こけてお茶零すわ、書類ばら撒くわ。まだ十番隊に来たばかりなのに、へましてばっかり。折角隊員の人たちとも馴染めてきたと思ったのに、これじゃ幻滅されちゃう。

おまけに、なんであんな奴が三席なんだ、とか言う人が出てきちゃったり…いやいや考えすぎよ。
落ち込んでても意味ないもん。これからはもっと書類整理や虚退治頑張って、名誉挽回よ!


なんて息込んでみたものの今日は書類が少なくて午前には片付いてしまった。そして虚退治の任務もないときた。さて、どうしようかしら。日番谷隊長は不在だし(最近松本副隊長の姿を見ていない気が)、隊舎でも散策してこようかな。うん、そうしよう。




「三席!お疲れさまです」
「お疲れさま〜!」


十番隊は和やかというか真面目で誠実な人が多いと思う。みんな仲良さ気だし、いい雰囲気。
隣の隊の十一番隊は書類渡しに来ただけで、じろじろ見てきてちょっと苦手。
逆隣の九番隊は…なんだろ、あの頃の東仙隊長は優しくて部下思いで、修兵さんは話してみると結構気さくで。元いた隊だから愛着は凄くあるんだ。勿論十番隊もこれから離れたくない、ってくらい長く深く関わっていきたいんだけど。
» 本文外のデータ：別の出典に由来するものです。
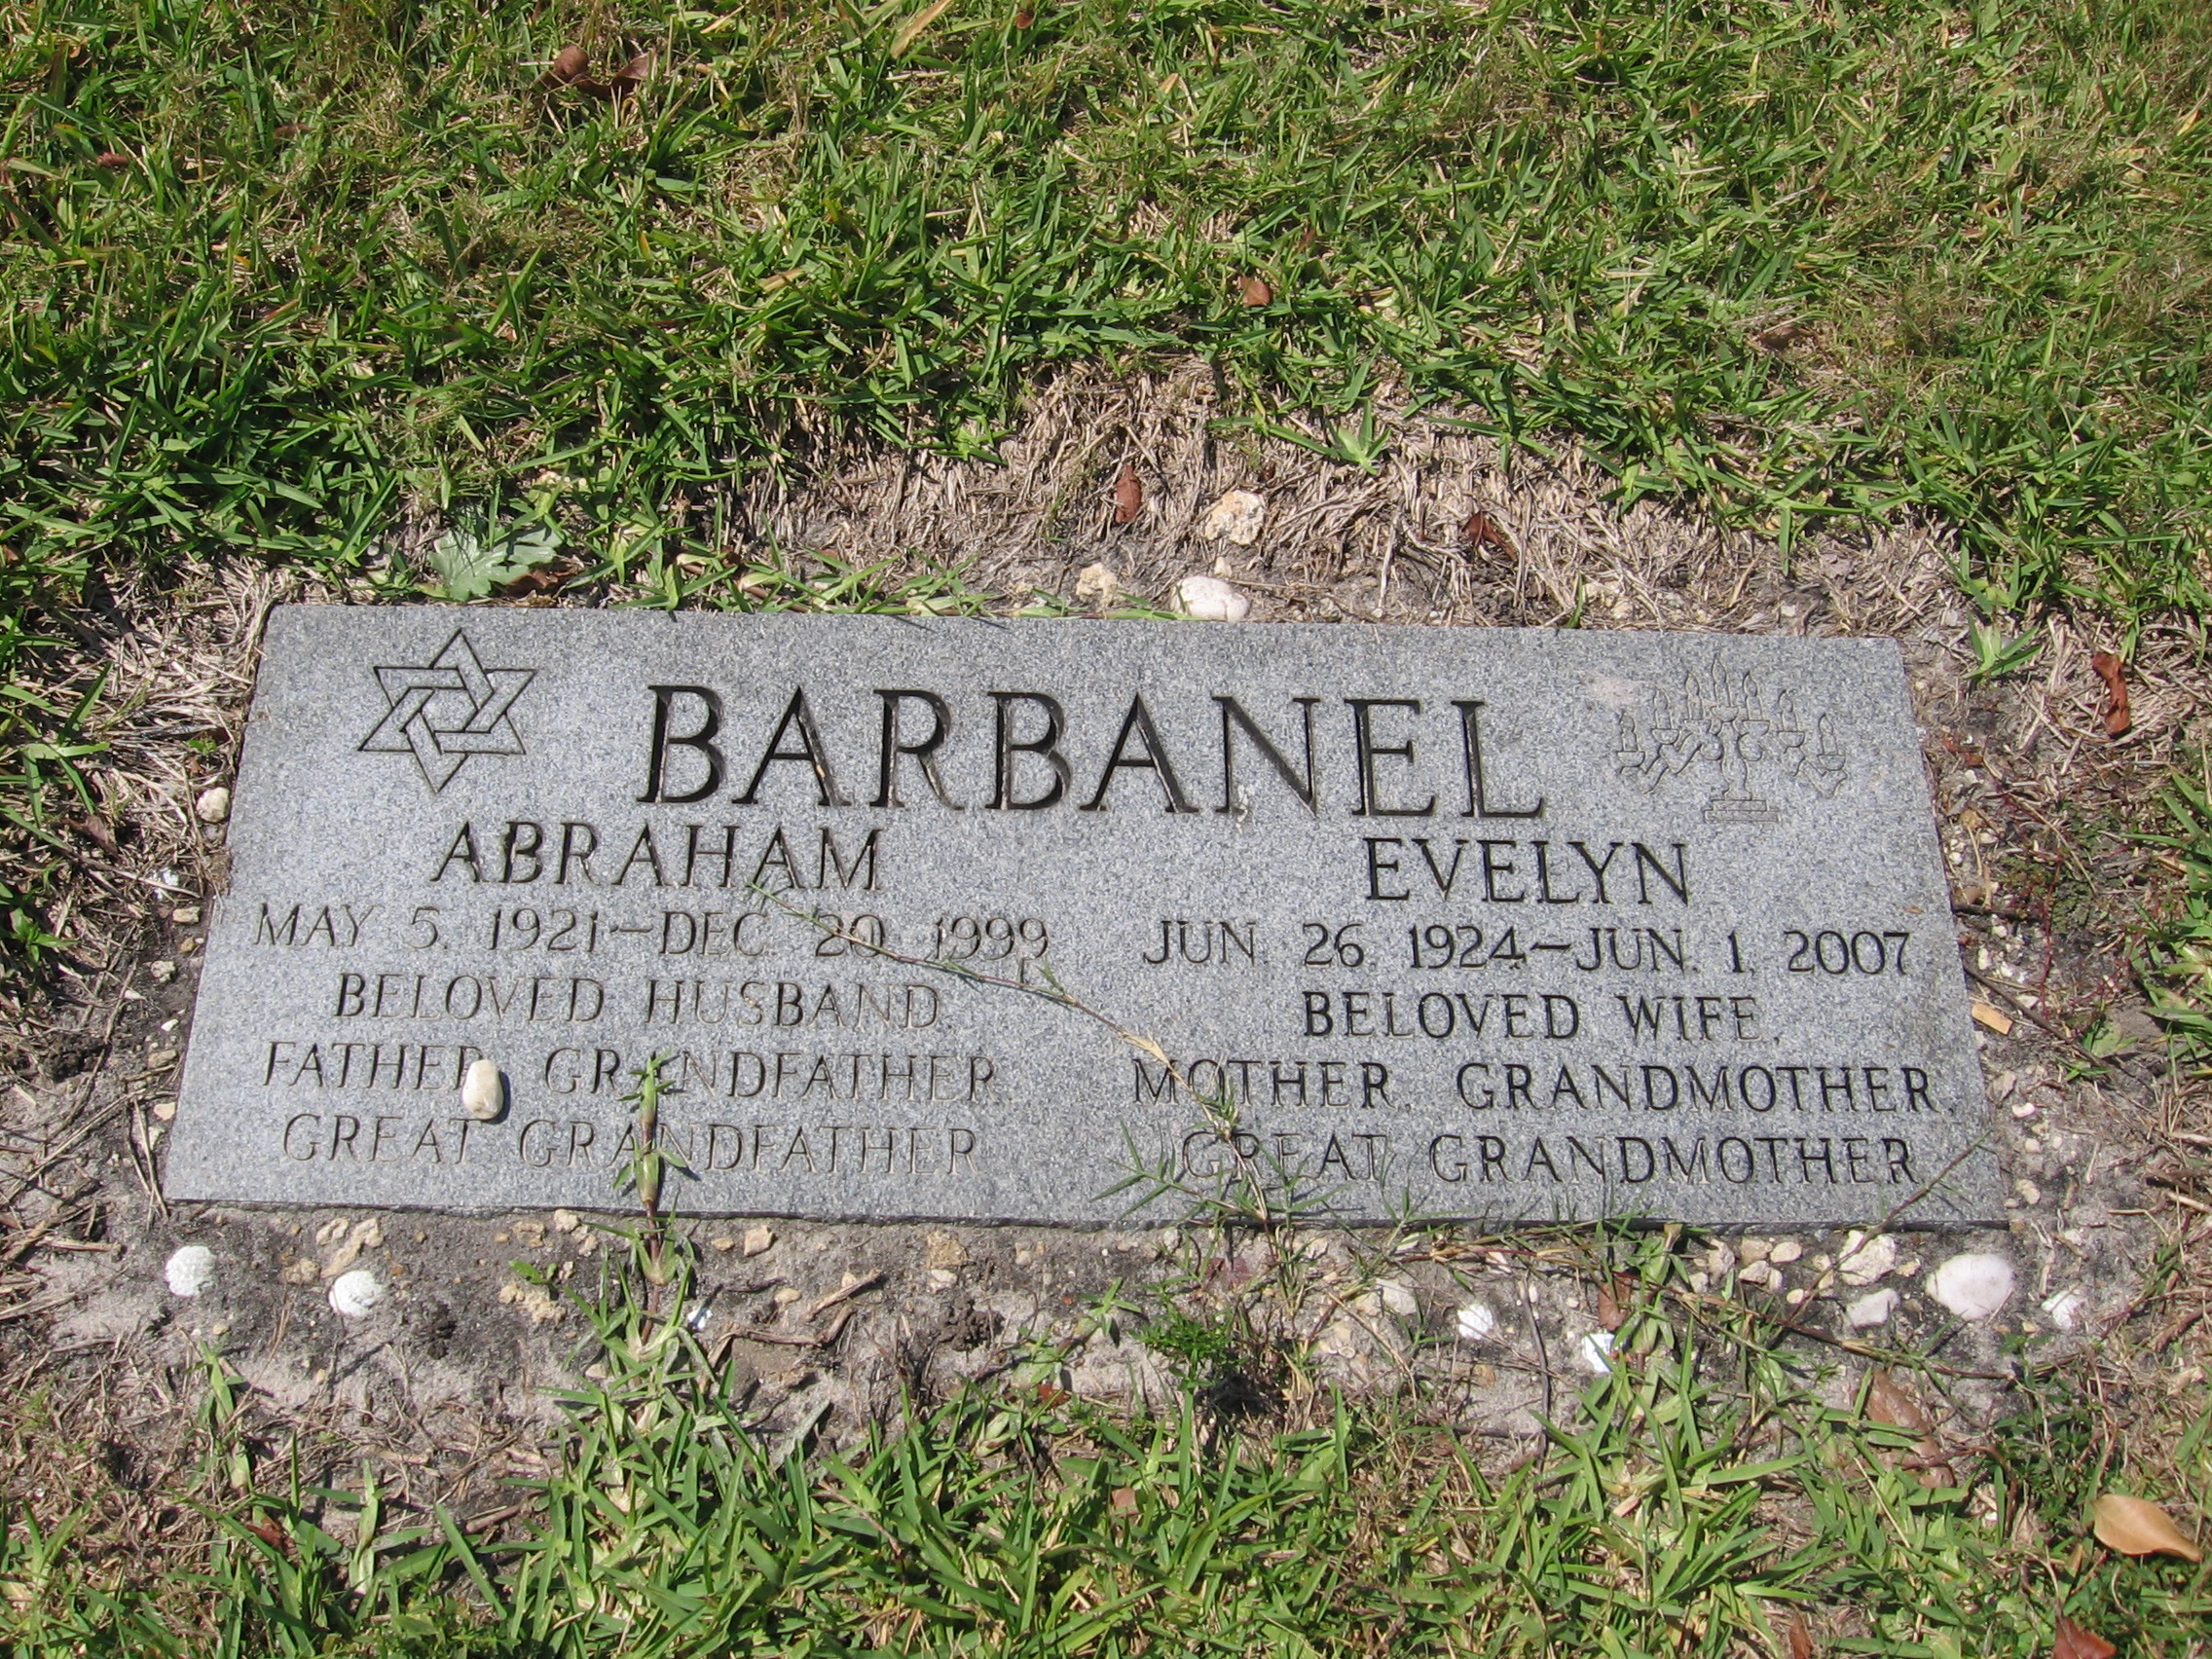 Abraham Barbanel

顔の筋肉が緩みながらうろうろして辿り着いたのは鍛練場。カンカン、と木刀の音が響いている。体がうずうずする、今日は稽古の日じゃないけど、覗くぐらいいいよね?



(わあー、結構いるな〜)

開け放たれた扉から中を見回せば熱気と共に汗の匂い。稽古に励む人や、隅で休んでいる人。
その中でも一際小さな影が目に入る。どきっと反応する自分にぶんぶん首を振った。だってどきって何、どきって。いつの時代の人間よ!(フツーの人間より長生きしてるけどさ)いや、そーじゃなくて。

日番谷隊長は『隊長』で、きっと火傷したときのアレで変に意識してるだけなんだよ。そーよ、気にしなきゃいいんだから!


「…何してんだ?」
「っぎゃあぁ!?」
「ぎゃぁって、おまえ」


深呼吸してるときにいきなり声掛けられたからってなんて声…!(恥ずかしい!)しかも日番谷隊長本人!あーあーあー、日番谷隊長すっごい眉間に皺寄せちゃって。仕事もしないで何してんだ、とか思ってるのかな。ついさっき、汗拭く姿や稽古している真剣な顔にどき、なんて思っていたのが嘘みたい。


「えと、書類片付いたので隊舎の散策を少々…」
「そうか、相変わらず仕事が早いな」
「(わ、褒められた?)」
「お前もやるか?」
「はい?」

なんのことかとぽかーんとしているとほら、と木刀を差し出された。あぁ、と納得しつつもとんでもない、と瞬時に思った。だって日番谷隊長の相手なんてそんな!そう口に出すと日番谷隊長は少し微笑んだ(あ、かっこいい)。


「しっかり木刀持ってんじゃねーか」
「あ、…えへ?」

隊長の言う通り掌にはしっかり木刀が握られている。意思とは反してどうやら身体はやる気満々らしい。まあ実際わたしは体動かすことも好きだから。でも日番谷隊長と、ってなると流石にわたしだって緊張するんだもの。でも、

「手加減無しですよ」
「知らねーぞ、どうなっても」










うるさい心音は
(稽古の音で聞こえませんように)
(だって、普段笑わない人の笑顔は本当に眩しいんだもの)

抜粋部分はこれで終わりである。